Our results indicated the detrimental effects of PM2.5 on ABI reduction, reflecting the impacts of air pollution on peripheral atherosclerosis. In the early studies in Europe and the USA, no association was observed between PM2.5 and ABI, possibly due to the limited number of studies46). However, a cross-sectional study reported significant associations between long-term PM exposure and ABI reduction in the general population, which is consistent with our results19). Furthermore, previous studies have been supported by the positive correlation between air pollution and the prevalence and progression of atherosclerosis in other vessel beds, such as carotid intima-media thickness43, 47), coronary calcification47), and thoracic aortic calcification48). Notably, a recent study demonstrated that vascular dysfunction associated with short-term environmental PM exposure may be exacerbated in glucose-metabolizing populations44), which may partly explain the underlying effect of abnormal metabolism on peripheral arterial disease.

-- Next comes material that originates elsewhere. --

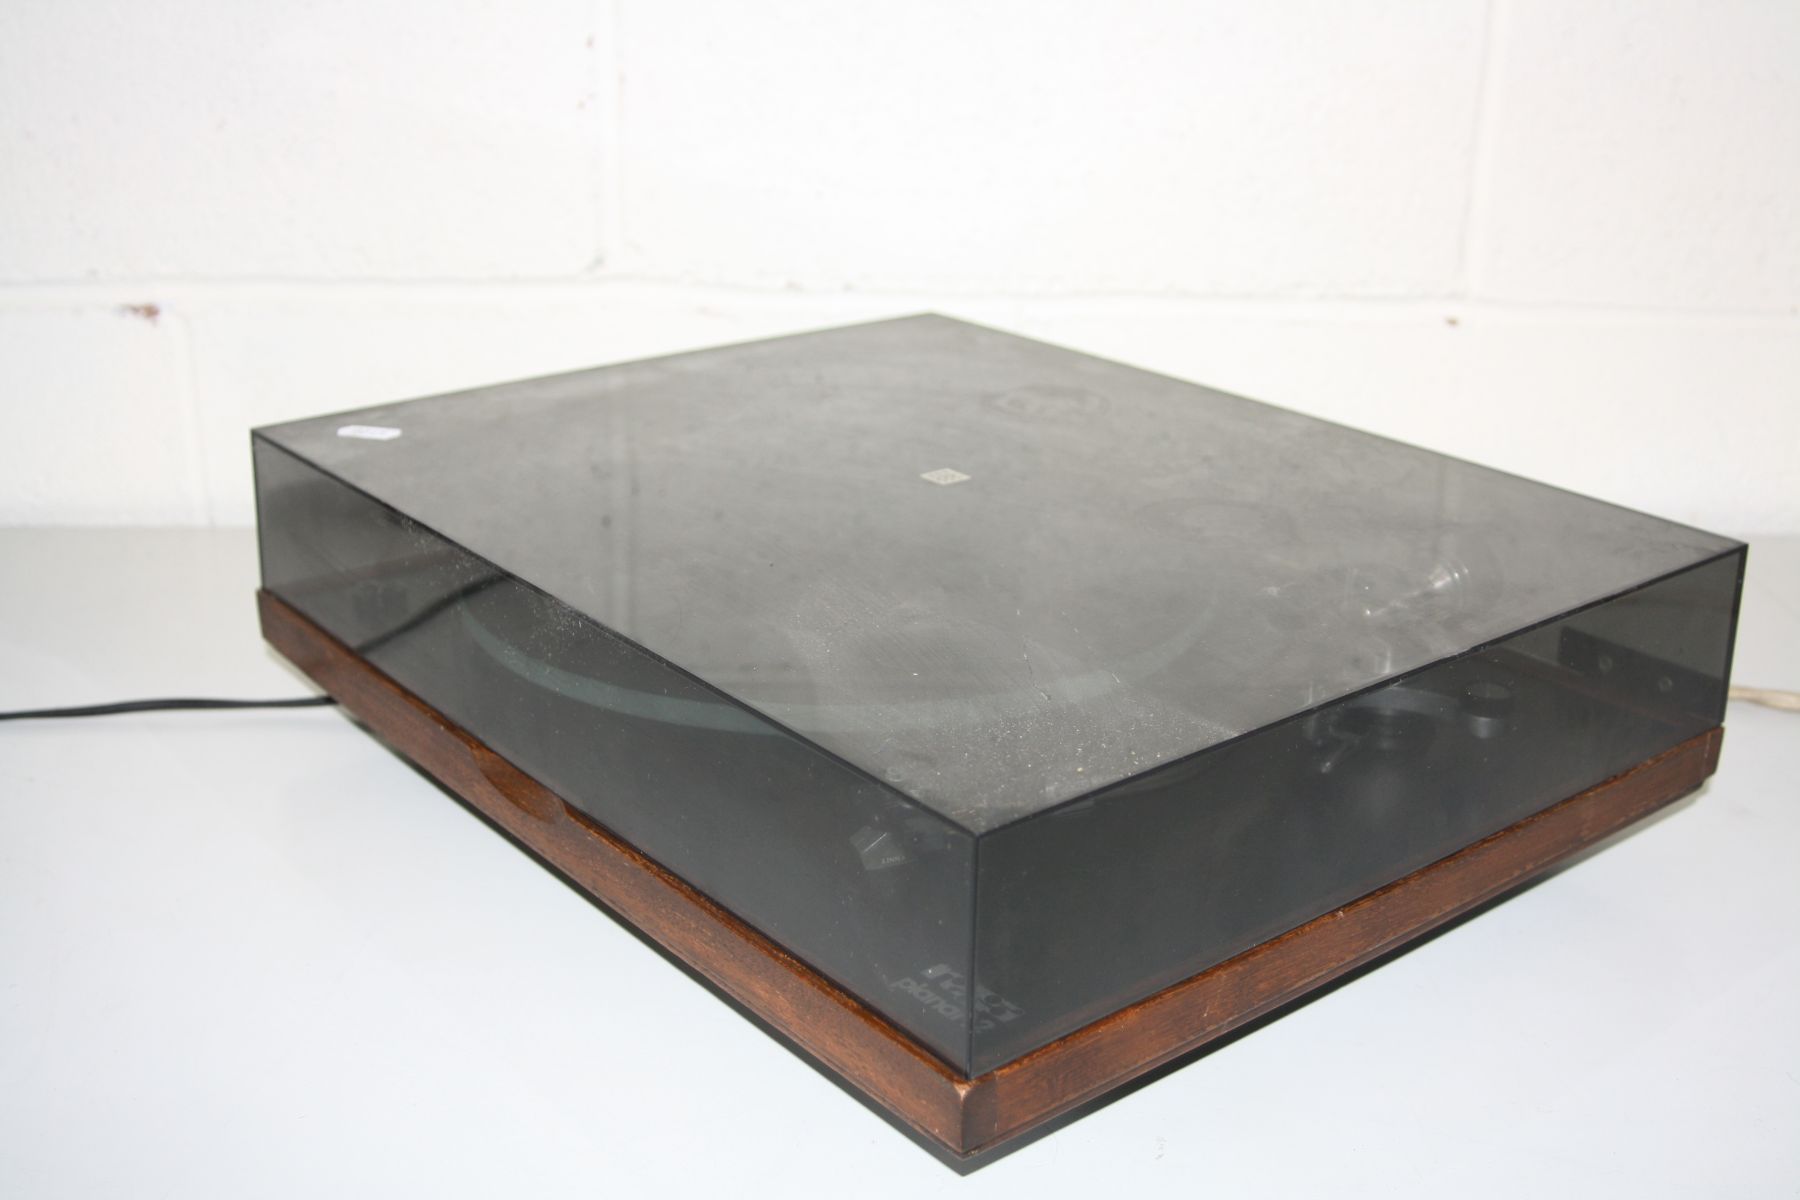 A REGA PLANER 2 TURNTABLE with a smoked perspex lid, a walnut plinth and a Linn K5 cartridge - Image 3 of 3

This study also showed the effects of exposure to PM2.5 constituents on elevated baPWV and reduced ABI in participants with metabolic disorders. Among them, BC and NH4+ exerted significant effects on arterial stiffness and peripheral atherosclerosis. Existing relevant research on the relationship between BC and other indicators of vascular damage or other diseases may support our finding43, 49). Furthermore, a nationwide multicenter study in China suggested that NH4+ in PM2.5 is the main cause of the association with the increasing risk of blood pressure and fasting glucose level, which may partly explain the underlying mechanisms for the PM2.5 constituents in atherosclerosis50).
We also found that OM might exert a positive effect on the development of peripheral atherosclerosis. The formation of OM in the particulate phase was mainly caused by the emission of volatile organic compounds51, 52). Previous study demonstrated that the removal of organic matters from PM2.5 mass significantly reduced the cardiovascular toxic effects of ambient air pollution exposure53). The potential mechanism between the PM2.5 components and atherosclerosis still need further study.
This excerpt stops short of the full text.